/*******************************************************************************************
Author : Vinayak Vishweshwara Dabgar
www.dabgarvinayakv.com
Oracle Apps DBA - Consultant | DBA - Developer | Database Architect | Performance Tuning Expert
ORACLE DATABASE SECURITY HANDBOOK
PART 18 : BANKING / FINANCE SECURITY ARCHITECTURE
Topics Covered
---------------
1 Banking security requirements
2 Banking schema architecture
3 Secure role hierarchy
4 Customer data protection
5 Secure API transaction model
6 Auditing financial operations
7 Fraud monitoring mechanisms
8 VPD in banking systems
9 Secure reporting access
10 Enterprise banking security workflow
*******************************************************************************************/
/*******************************************************************************************
QUESTION 1
Why do banking systems require strict database security?
*******************************************************************************************/
-- Banking databases store highly sensitive data including:
-- Customer account numbers
-- Transaction records
-- Credit information
-- Personal financial details
-- Unauthorized access can lead to financial fraud.

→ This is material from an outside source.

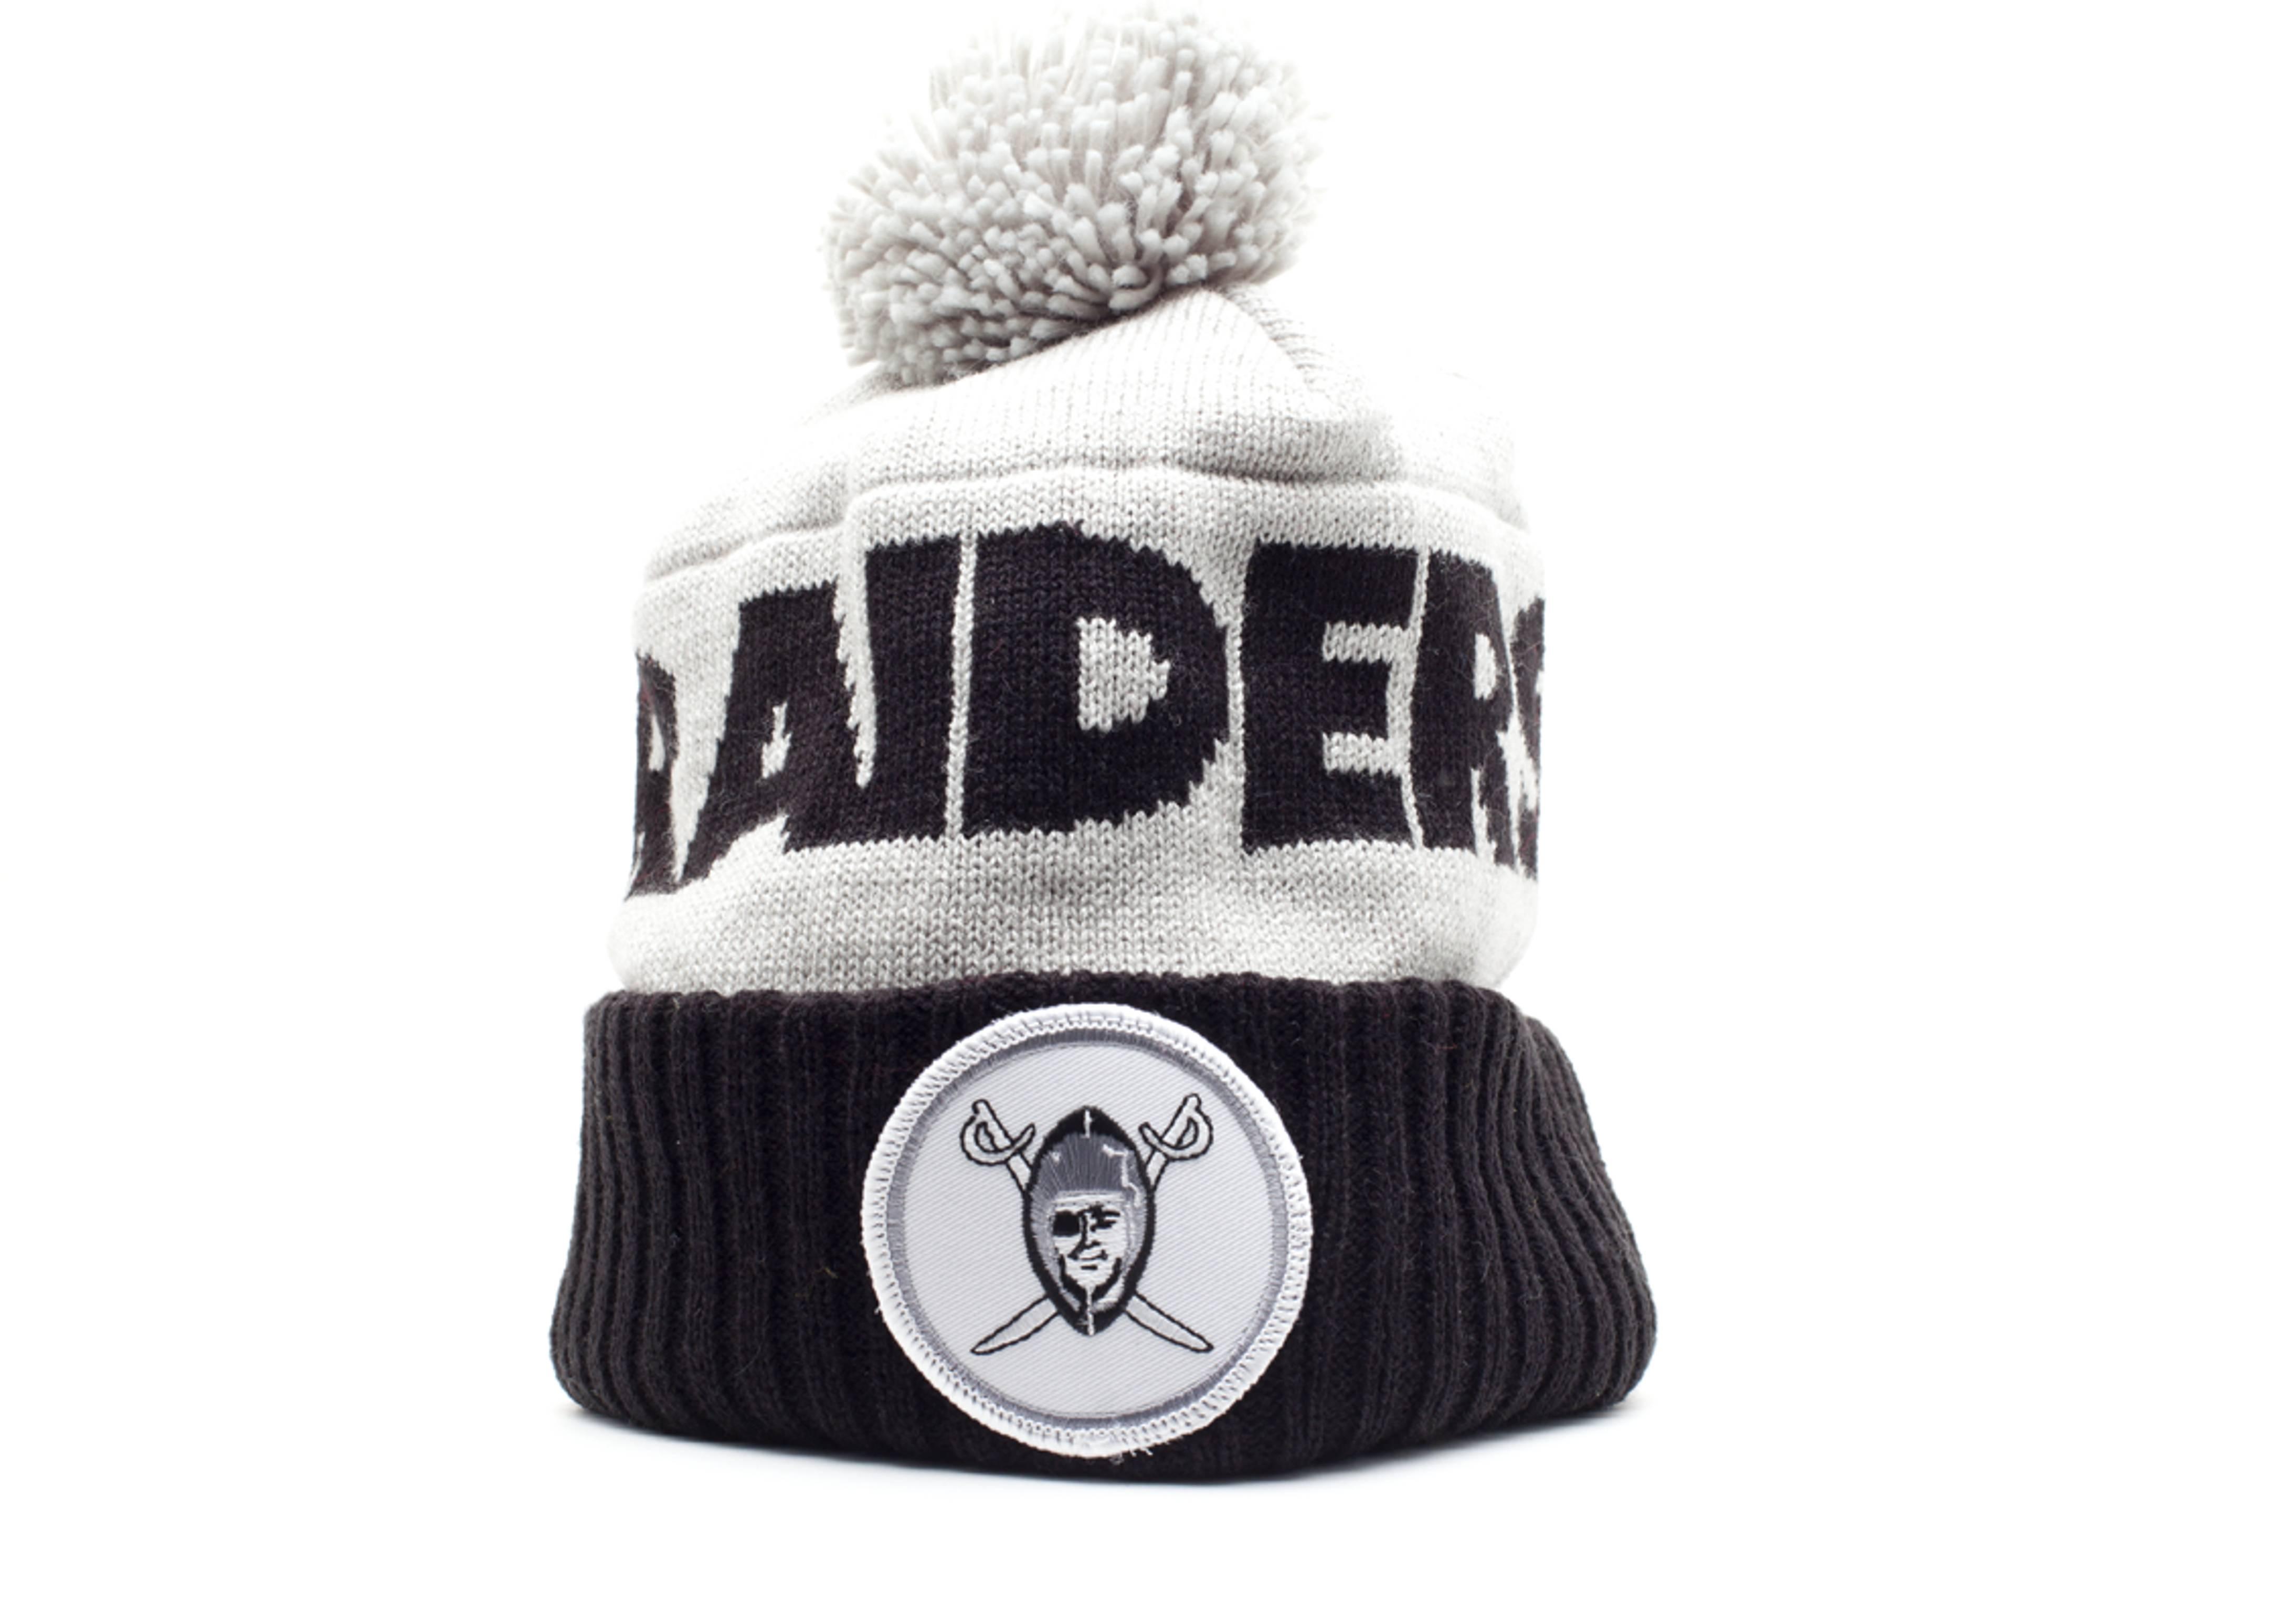 cfb42600898 Oakland Raiders Cuffed Pom Knit Beanie - Mitchell   Ness - ke30mtc6raide -  gray black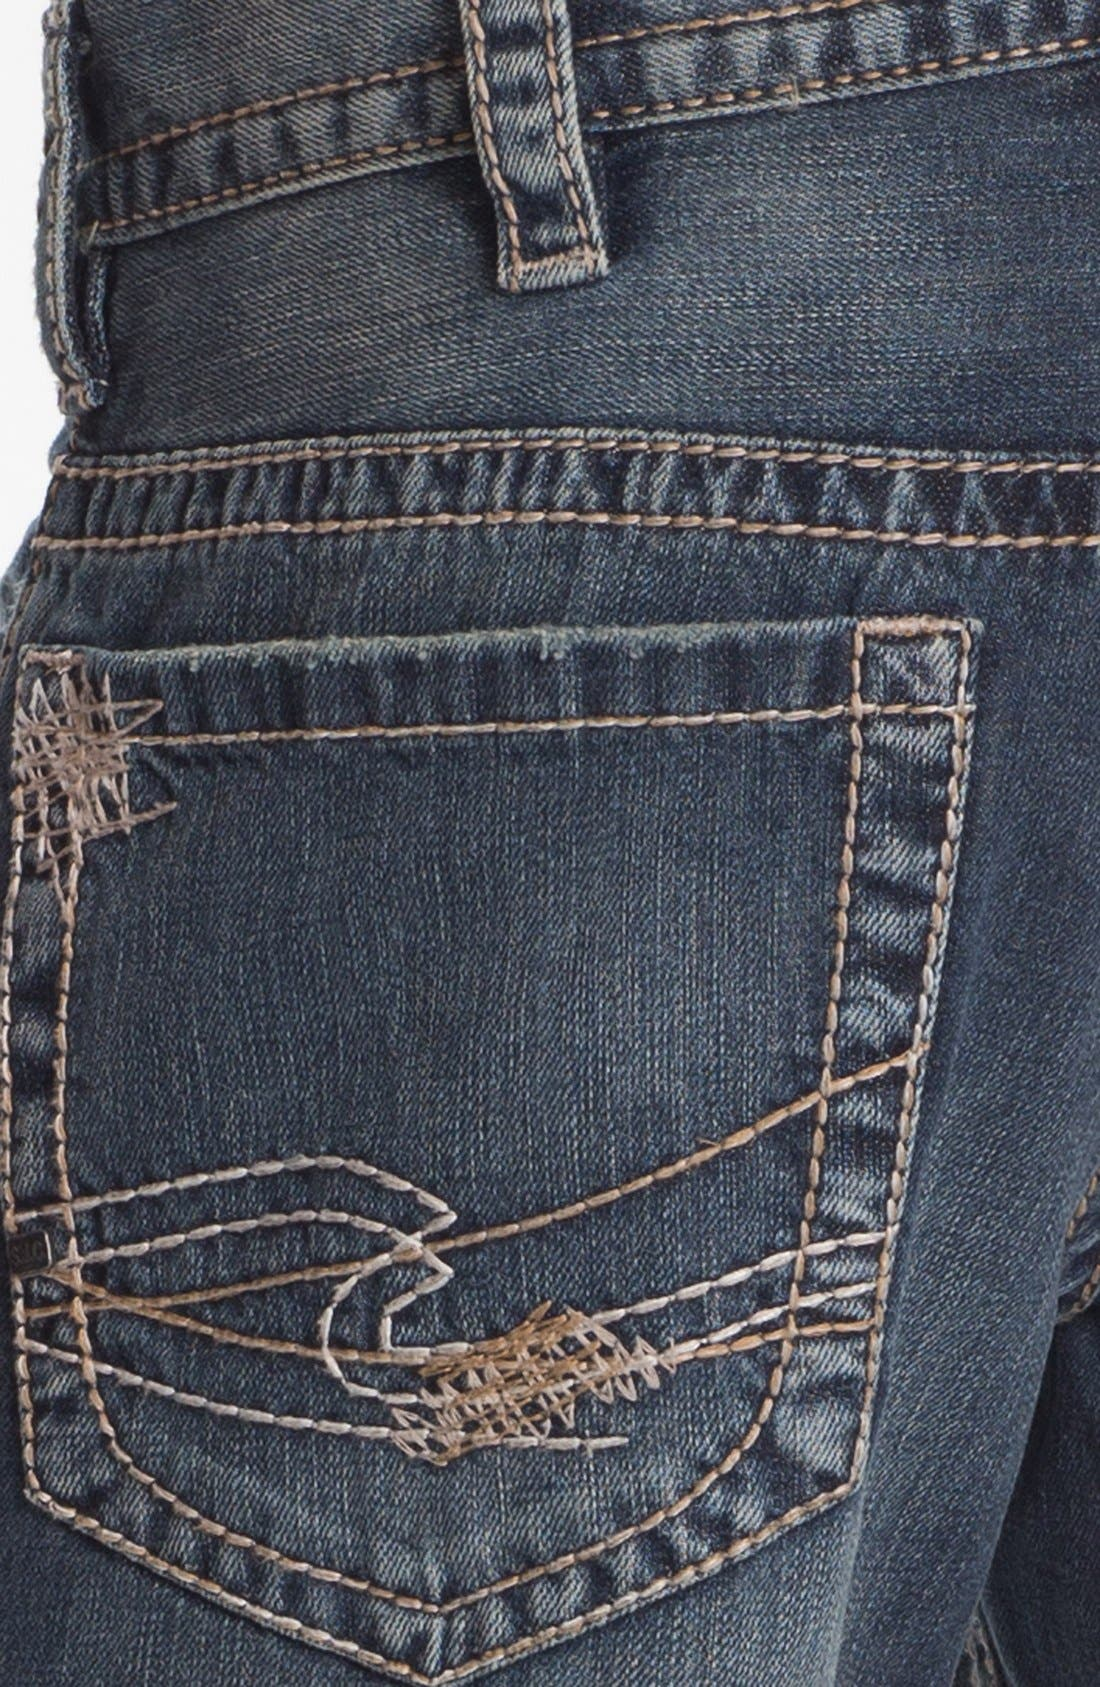 Alternate Image 4  - Silver Jeans Co. 'Gordie' Bootcut Jeans (Indigo)

/*******************************************************************************************
QUESTION 2
Typical banking database architecture
*******************************************************************************************/
-- Banking systems typically use layered security:
-- CUSTOMER_SCHEMA
-- APPLICATION_SCHEMA
-- REPORTING_SCHEMA
-- SECURITY_SCHEMA
/*******************************************************************************************
QUESTION 3
Example banking customer table
*******************************************************************************************/
CREATE TABLE banking_customer
(
customer_id NUMBER PRIMARY KEY,
customer_name VARCHAR2(100),
account_balance NUMBER,
branch_id NUMBER
);
/*******************************************************************************************
QUESTION 4
Insert demonstration data
*******************************************************************************************/
INSERT INTO banking_customer
VALUES (1,'John Smith',15000,101);
INSERT INTO banking_customer
VALUES (2,'Alice Brown',20000,102);
COMMIT;
/*******************************************************************************************
QUESTION 5
Create banking application role
*******************************************************************************************/
CREATE ROLE banking_app_role;
/*******************************************************************************************
QUESTION 6
Grant minimal privileges to application role
*******************************************************************************************/
GRANT SELECT
ON banking_customer
TO banking_app_role;
/*******************************************************************************************
QUESTION 7
Assign role to application user
*******************************************************************************************/
GRANT banking_app_role
TO training_user;
/*******************************************************************************************
QUESTION 8
Why banking systems avoid direct table access?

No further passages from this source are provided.